Problem description: Write each line of the material exactly as given, from the top through the line that contains "How Drain Tile", and omit all pictures.

━━━━━ Supplied data ━━━━━

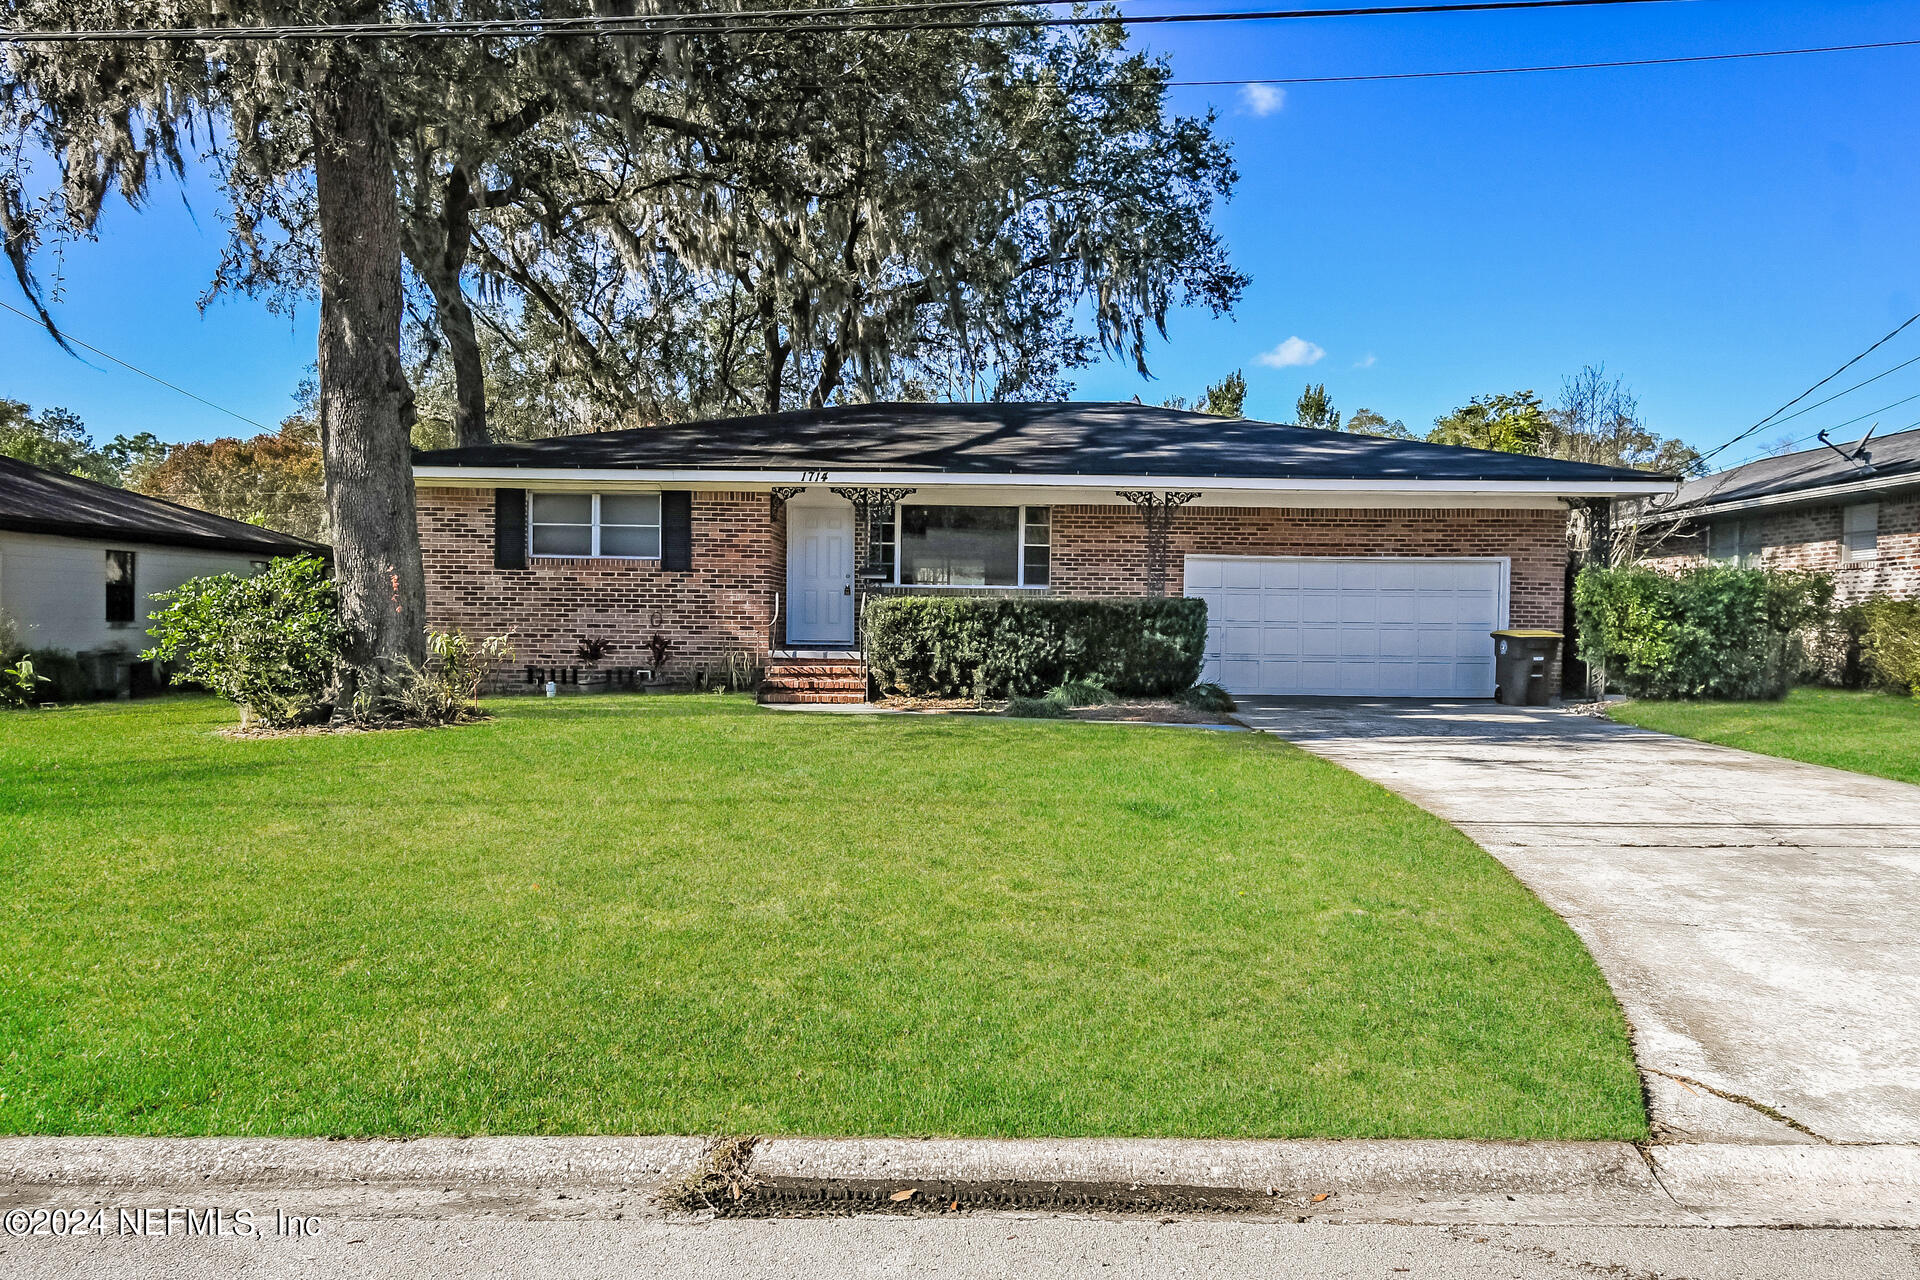 Jacksonville, FL home for sale located at 1714 Westminister Avenue, Jacksonville, FL 32210
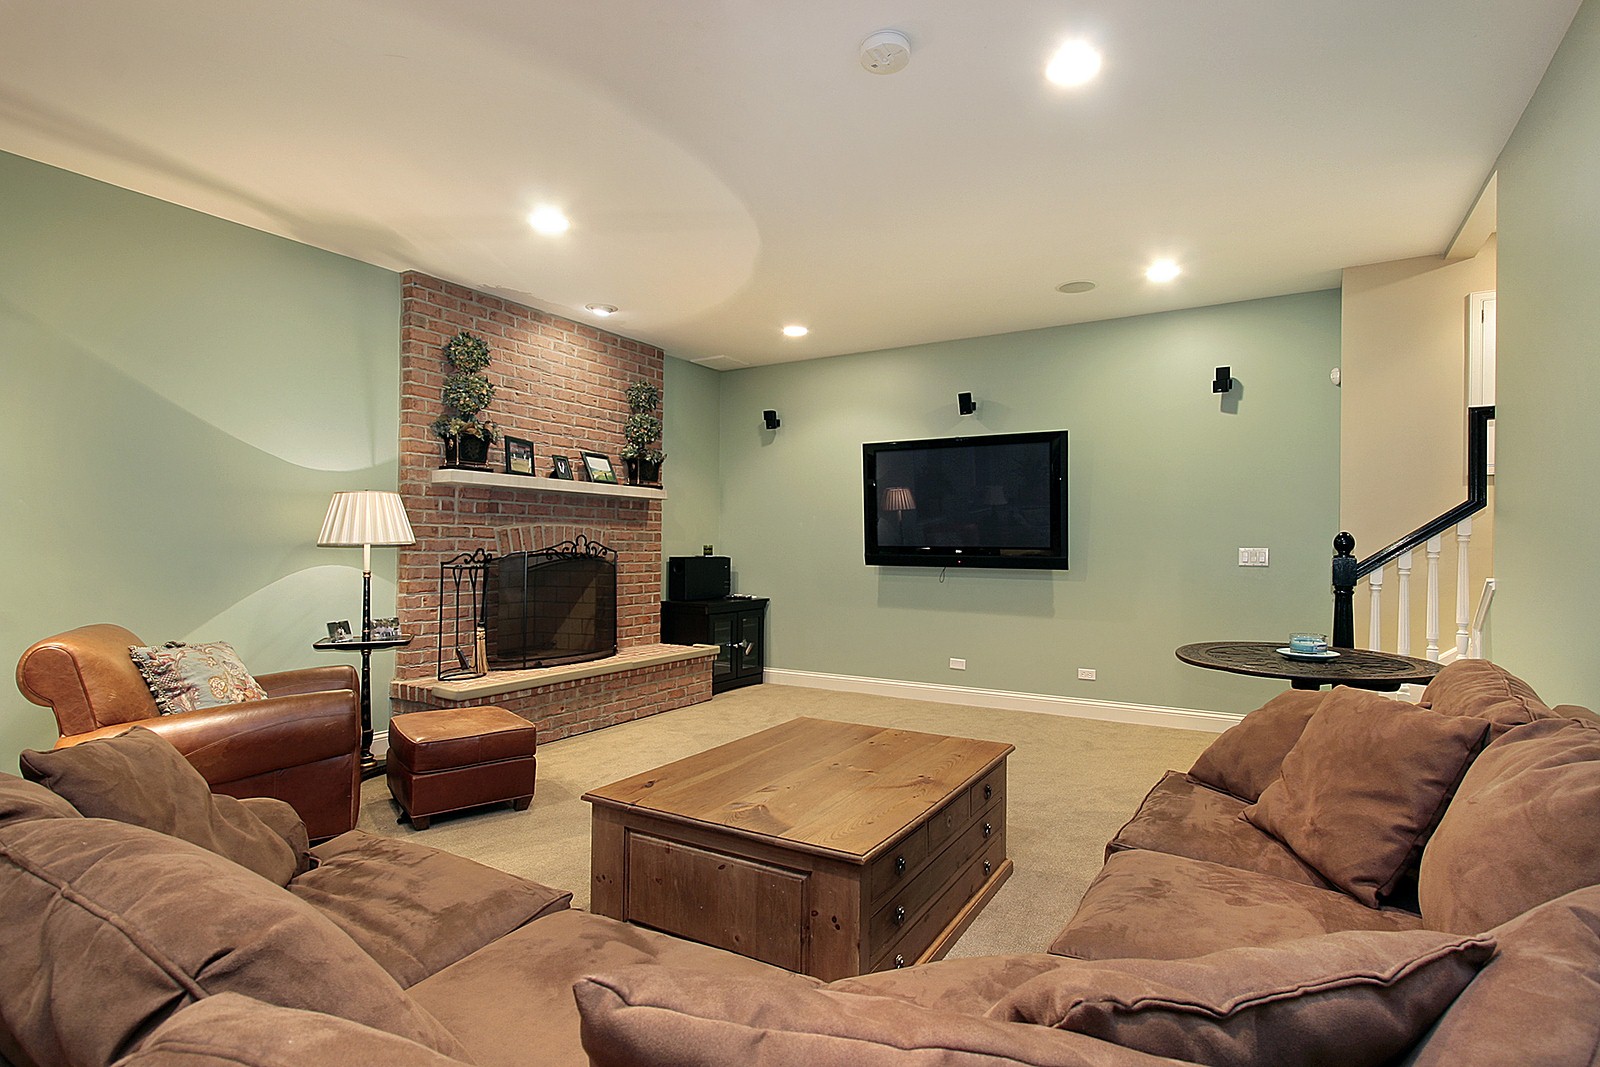 How Drain Tile Systems Help Your Home Basement Stay Dry
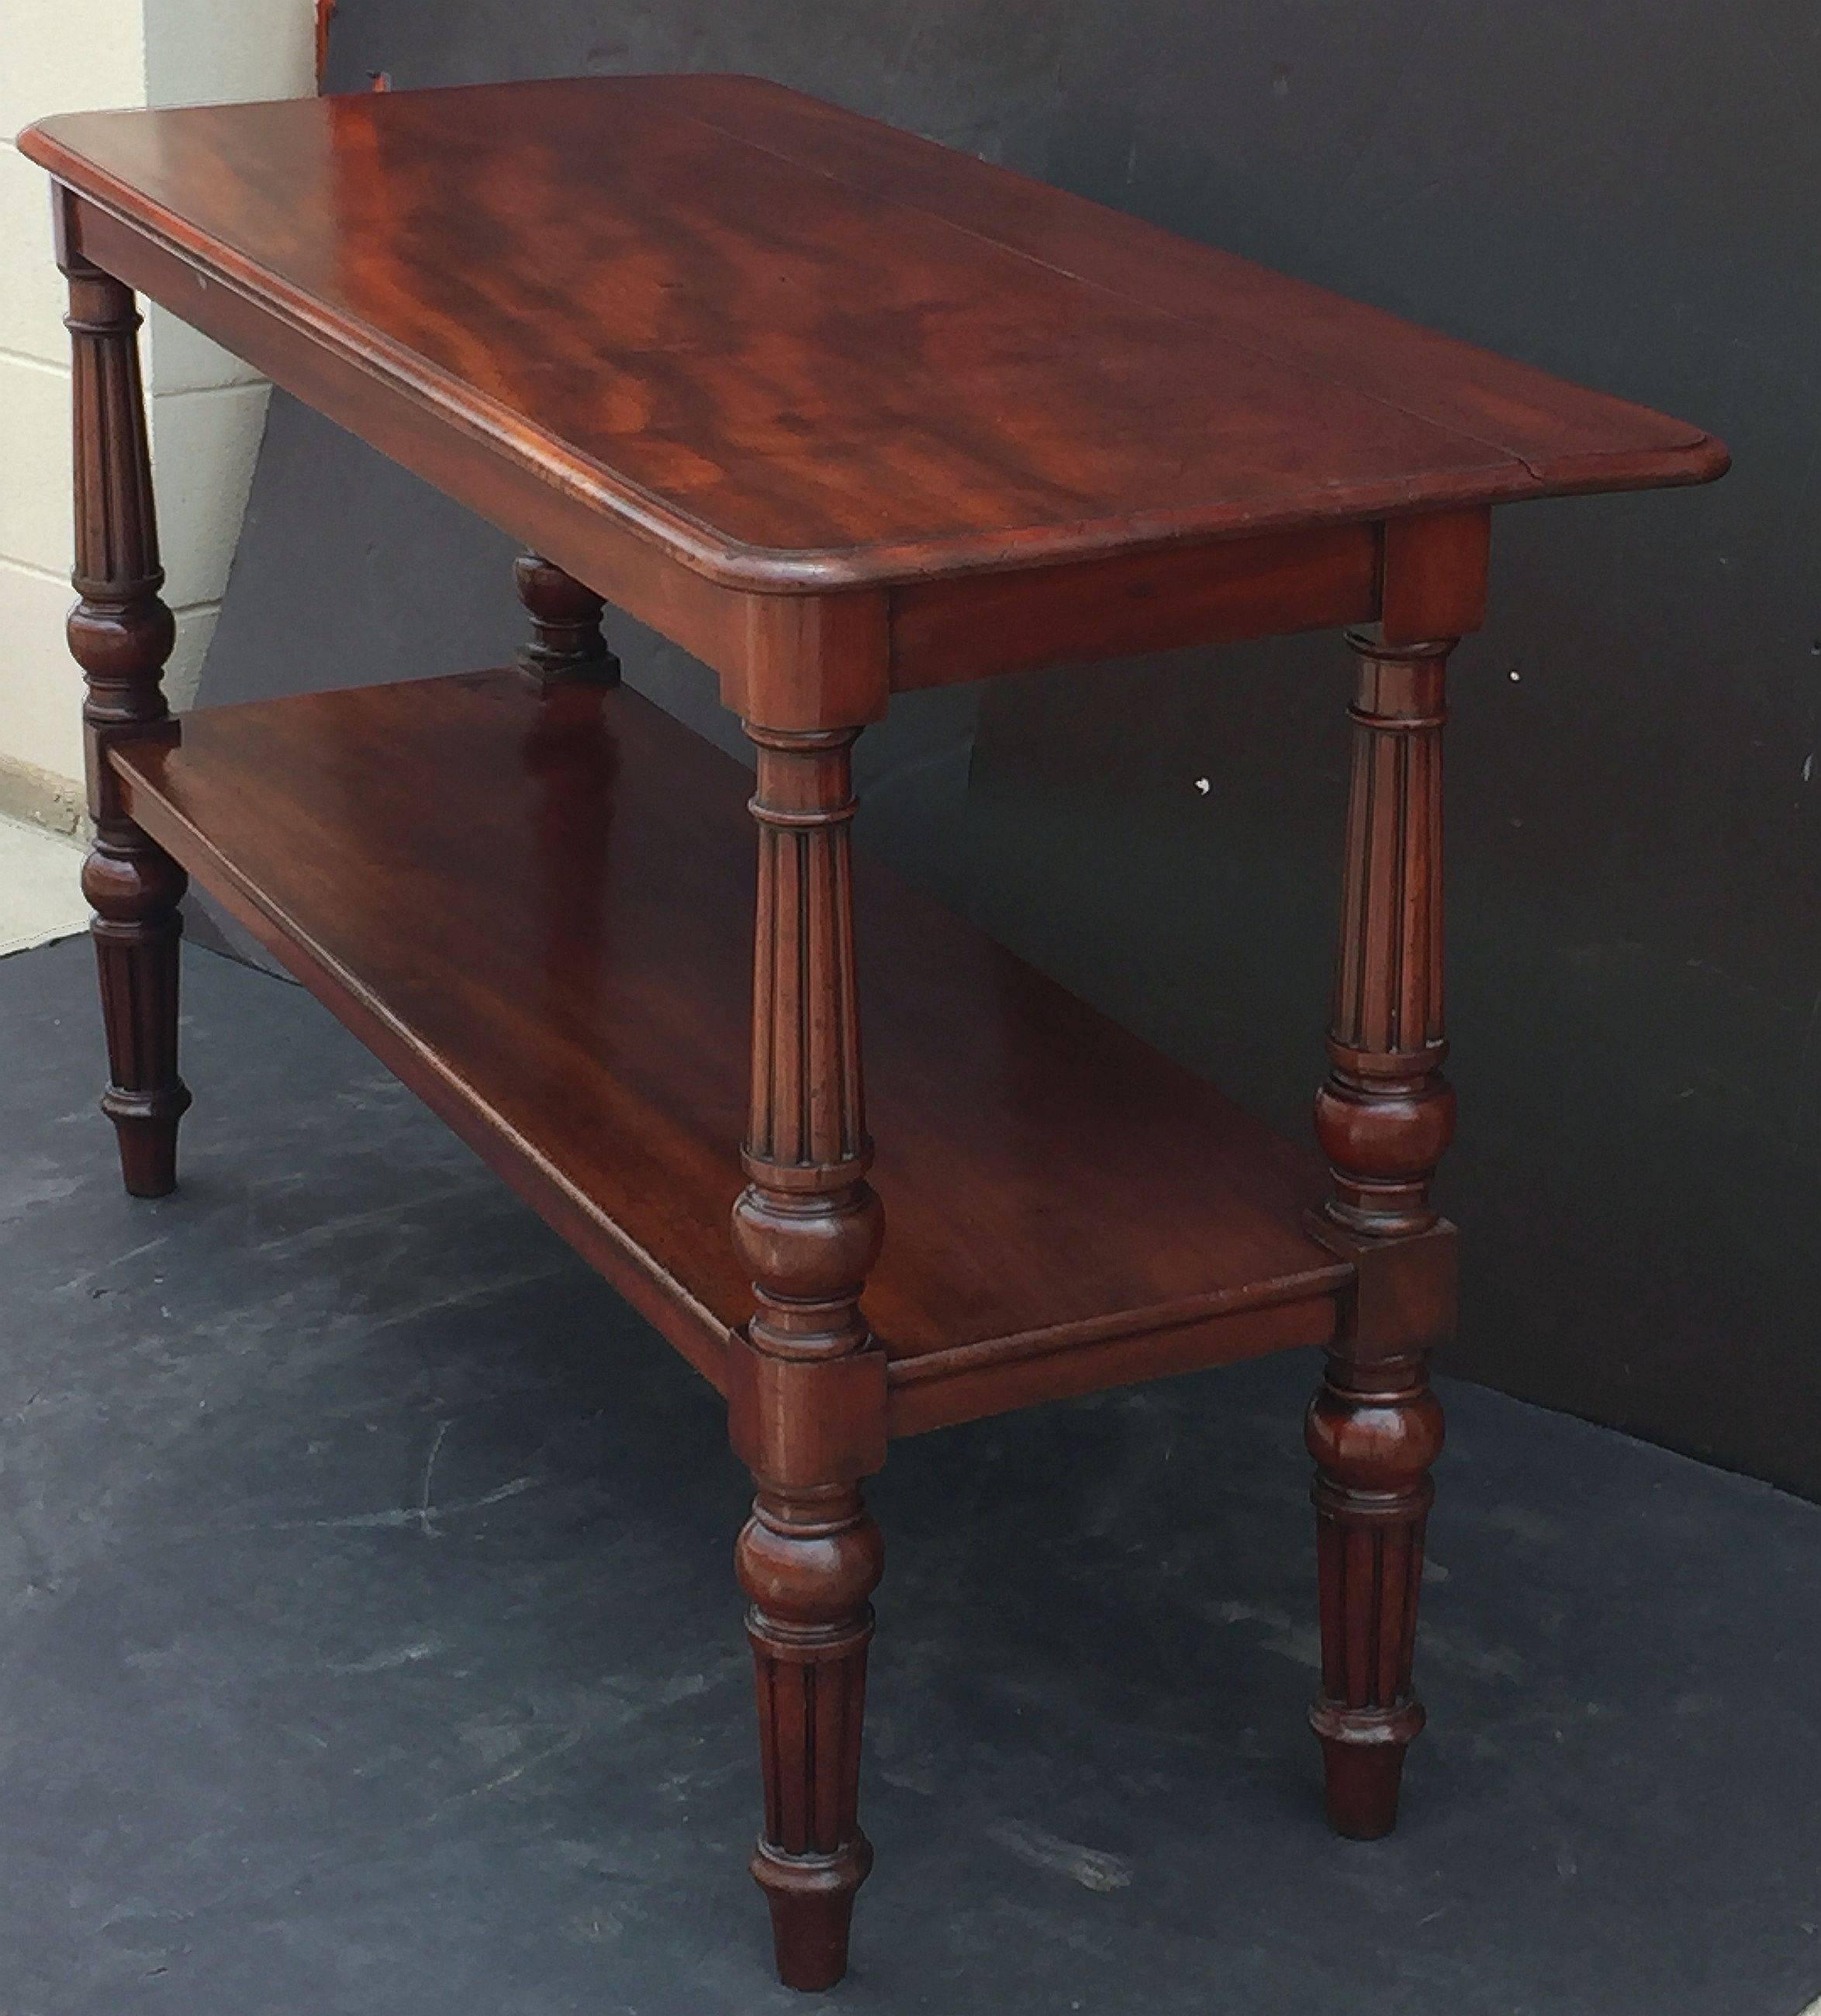 A fine English console server or buffet trolley table of flame mahogany from the William IV era, featuring a moulded rectangular top with extension or leaf to the back, allowing for extra depth. Set upon a frieze of four handsomely turned column

━━━━━

Response:
 Jacksonville, FL home for sale located at 1714 Westminister Avenue, Jacksonville, FL 32210
 How Drain Tile Systems Help Your Home Basement Stay Dry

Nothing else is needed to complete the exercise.